3 \({\mathrm {MSE}}\) Definition

\({\mathrm {MSE}}\) by far is the most important algorithm in the IQA field, which is why we want to define this metric. On one hand, let us define f(ij) and \(\hat{f}(i,j)\) as the couple of images to be compared, which amount of pixels is the size inside each one. Being f(ij) the original source, considered with best or perfect possible quality or fidelity, and \(\hat{f}(i,j)\) a possible degraded estimation of f(ij), whose quality is subjected to evaluate.

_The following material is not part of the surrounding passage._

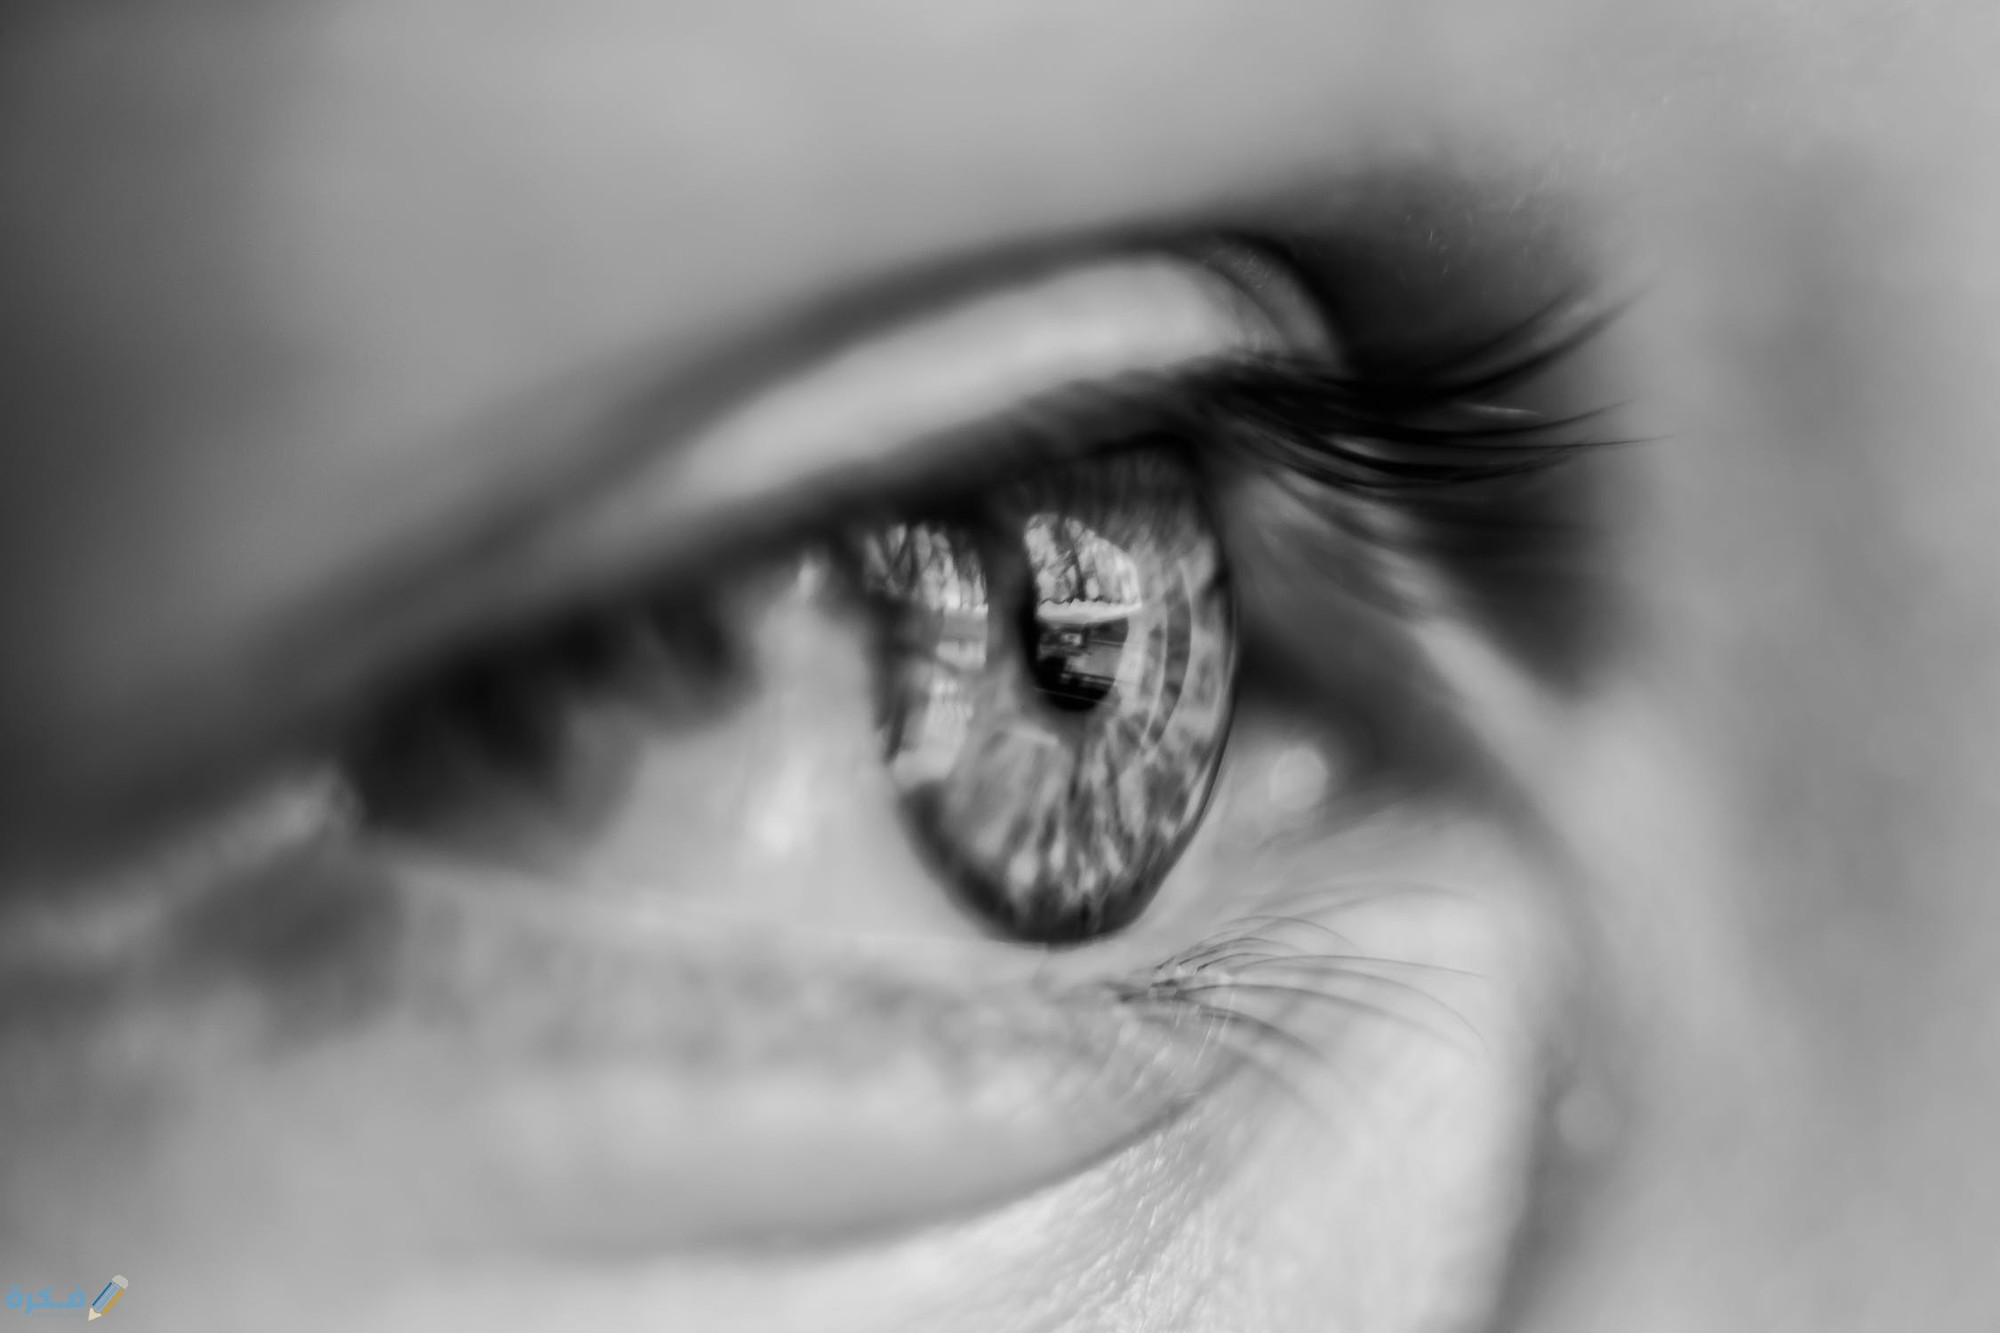 هل البكاء يؤثر على العين
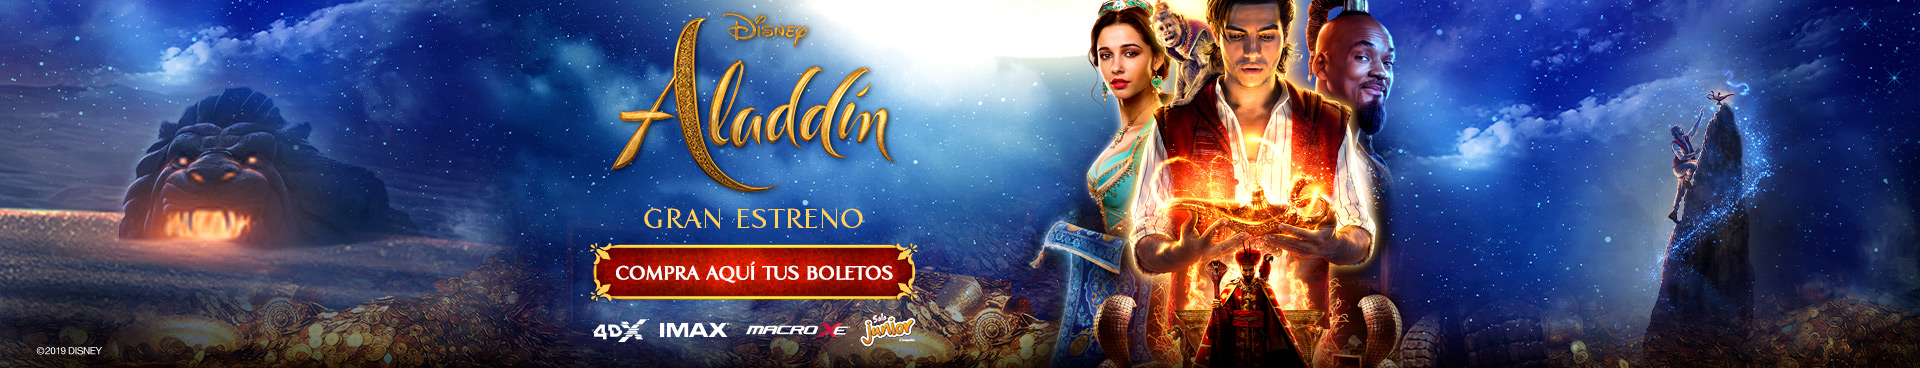 Gran estreno: Aladdín

On the other hand, let us define first the of the \({\mathrm {MSE}}\) and then the \({\mathrm {PSNR}}\). Equations 1 and 2 the latter algorithms, respectively.
$$\begin{aligned} MSE={\frac{1}{l \times m}\sum _{i=1}^{l}\sum _{j=1}^{m} \left[ f(i,j)-\hat{f}(i,j) \right] ^2} \end{aligned}$$
$$\begin{aligned} PSNR=10\log _{10} \left( \frac{\alpha ^2}{MSE} \right) \end{aligned}$$
where \(\alpha \) is the maximum value in terms of intensity inside f(ij), size \(= l \times m\). Thus, for images witch contains only one channel, namely 8 bits per pixel (bpp) \(\alpha =2^8-1=255\). Also, \(\alpha \) represents the maximal distortion when the maximal intensity in 8 bpp, 255, is completely degraded, namely a pixel change from 255 to the minimal intensity, 0. Thus, the peak of \({\mathrm {MSE}}\) is \(\alpha =255^2 = 65025\).

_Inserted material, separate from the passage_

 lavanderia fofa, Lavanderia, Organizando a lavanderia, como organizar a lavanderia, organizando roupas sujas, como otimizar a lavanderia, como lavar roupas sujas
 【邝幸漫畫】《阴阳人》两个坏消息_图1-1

For chromatic images, Eq. 2 also defines the estimation of \({\mathrm {PSNR}}\), but for color images the \({\mathrm {MSE}}\) is separately computed of every component and results of the three channels are averaged.

Both \({\mathrm {MSE}}\) and \({\mathrm {PSNR}}\) are widely employed in the field of image processing, image coding and understanding, because these algorithms have favorable characteristics:
  1. 1.

    Convenient for the purpose of optimizing a certain algorithm that needs to improve quality. For instance in JPEG2000, \({\mathrm {MSE}}\) is employed both in Optimal Rate Allocation Methodology [8, 9] and Region of Interest Algorithms [9, 10]. Also, \({\mathrm {MSE}}\) is differentiable and integrable, so its employment could solve these kind of problems in terms of optimization, when it is use along with linear algebra, for instance.

  2. 2.

    By definition \({\mathrm {MSE}}\) compares the square difference of two images, giving as a result a clear meaning of leak of energy.

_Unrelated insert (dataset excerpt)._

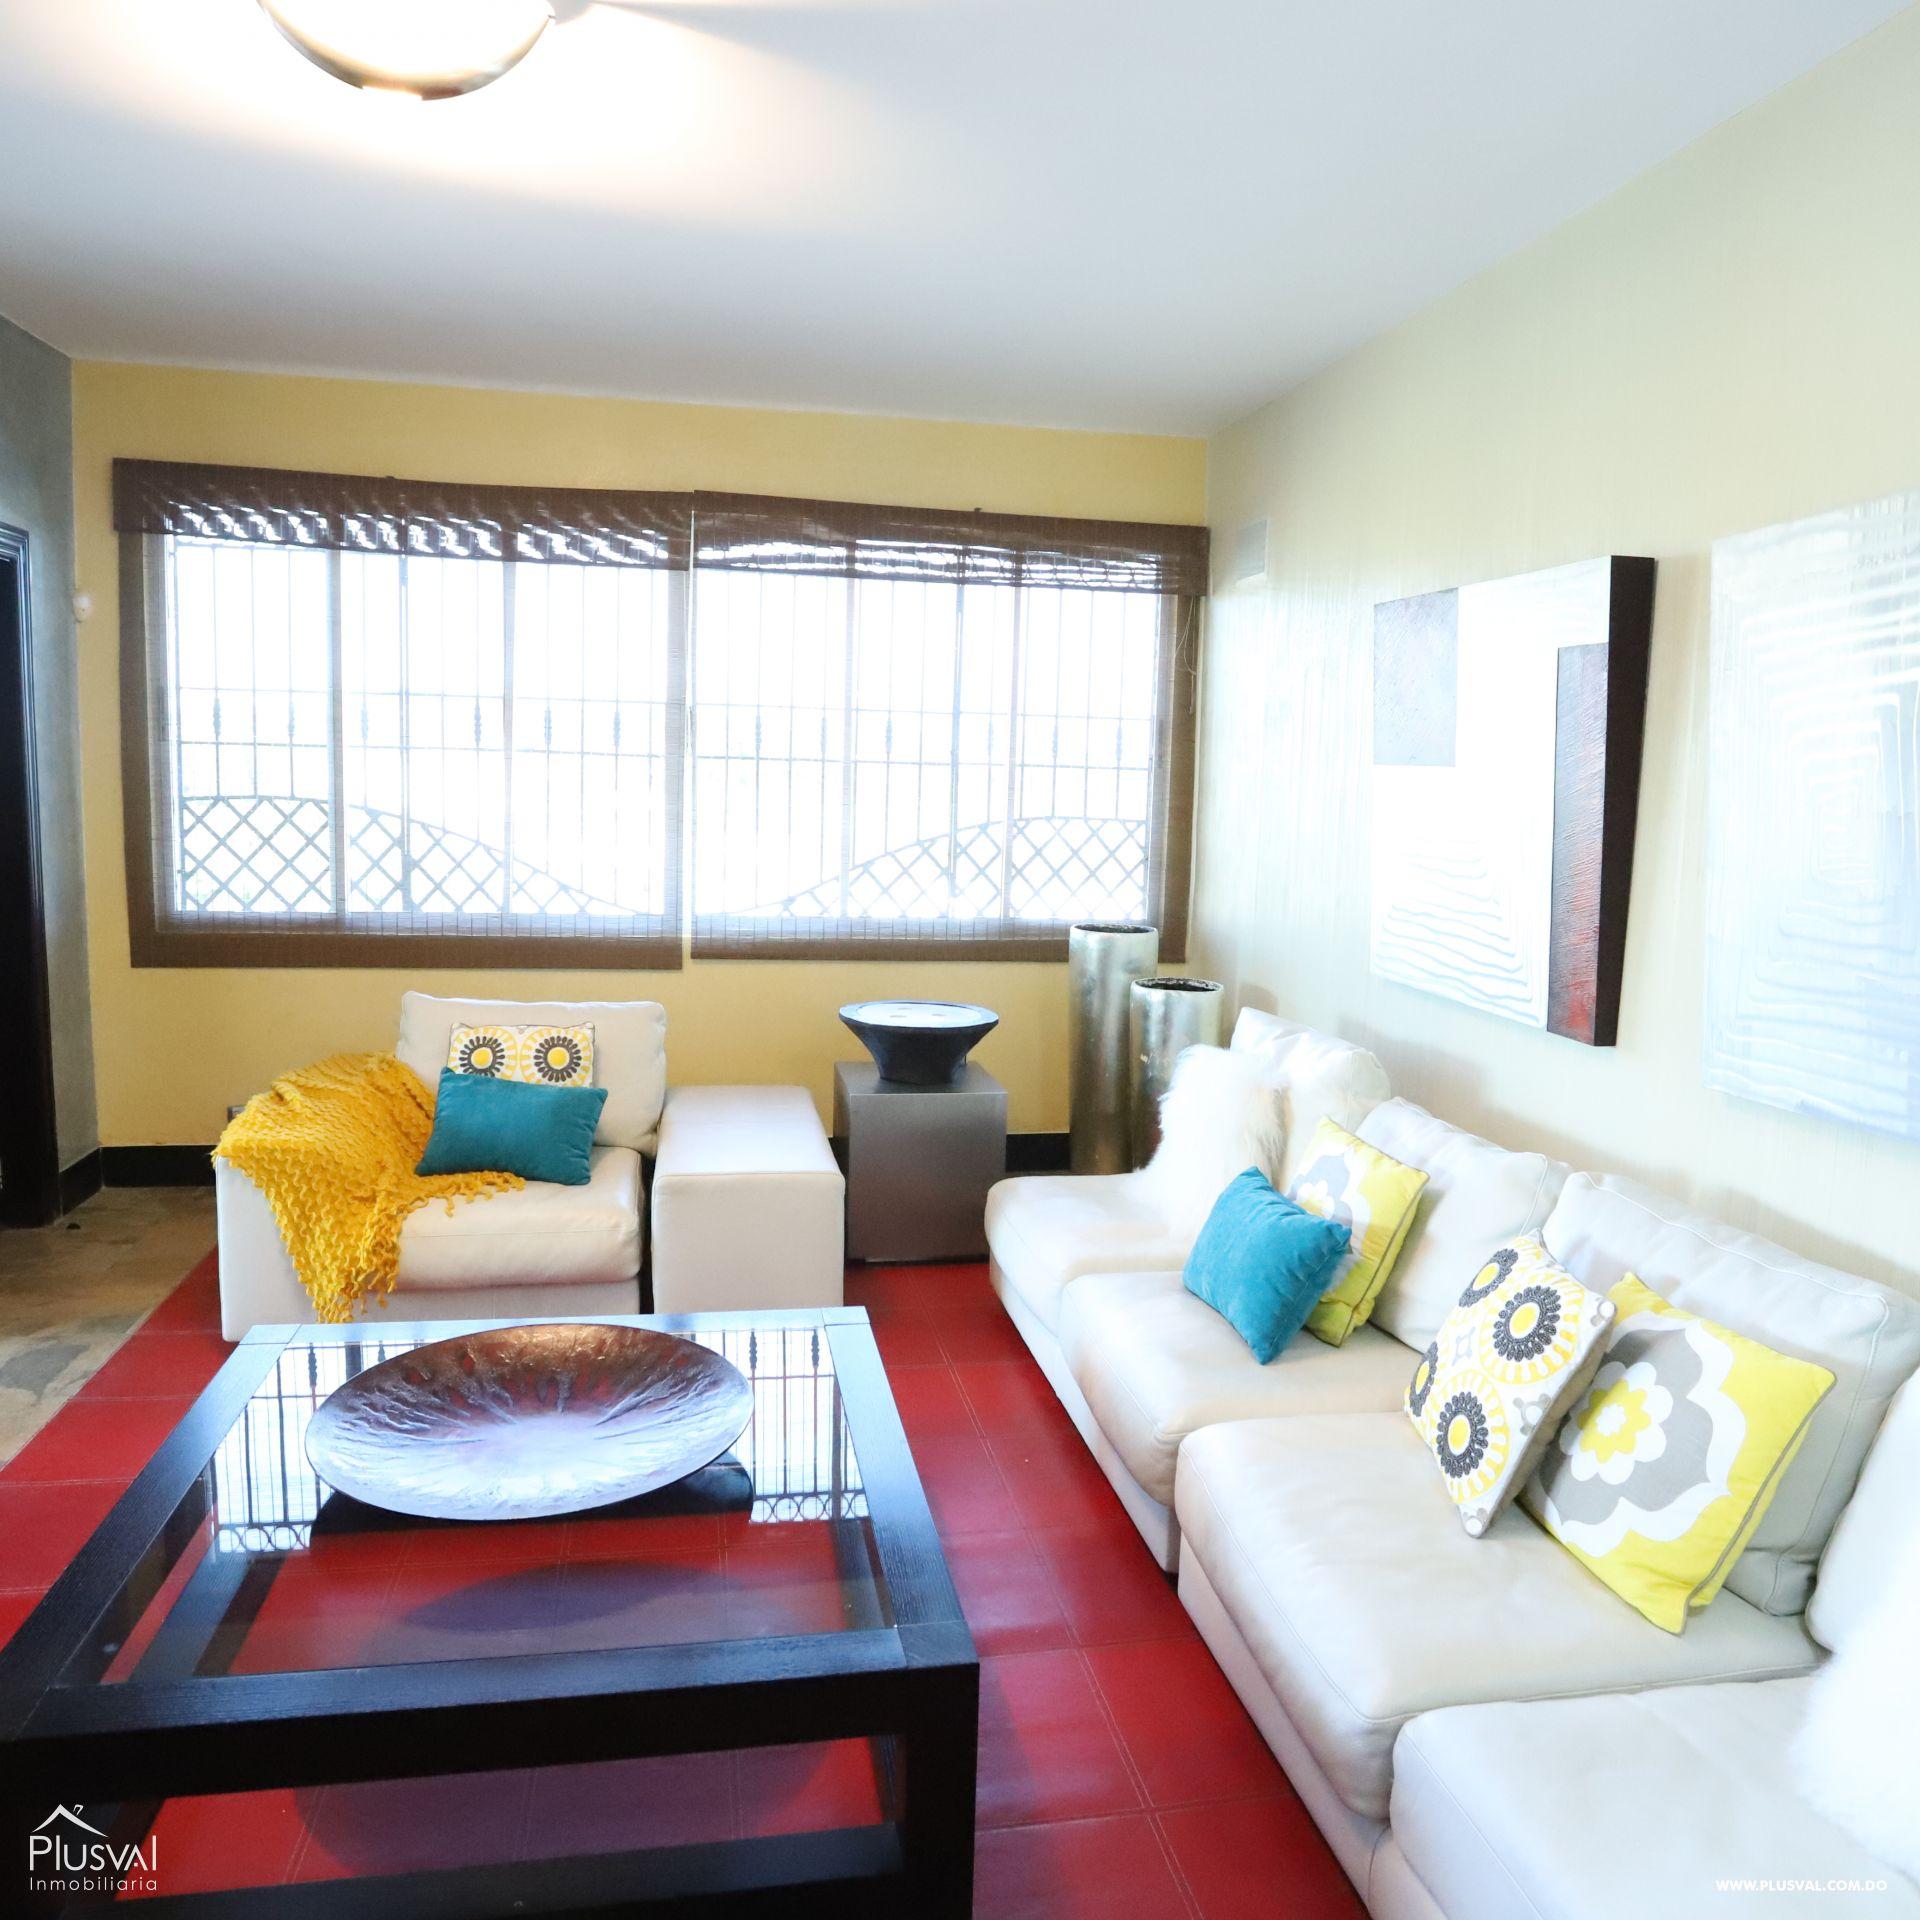 Apartamento ubicado en un 6to nivel con excelente vista hacia el monumeto 187714

However, in some cases \({\mathrm {MSE}}\) estimates image quality with a low correlation with quality given by a human observer. A clear example is depicted by Figs. 3 and 4, where both Baboon and Splash are coded and decoded by JPEG2000 compression with \({\mathrm {PSNR}}\) \(=\) 32 dB. Those images have very different visual quality. Then, for this special case, either \({\mathrm {MSE}}\) or \({\mathrm {PSNR}}\) do not correlates with Human Visual System (HVS).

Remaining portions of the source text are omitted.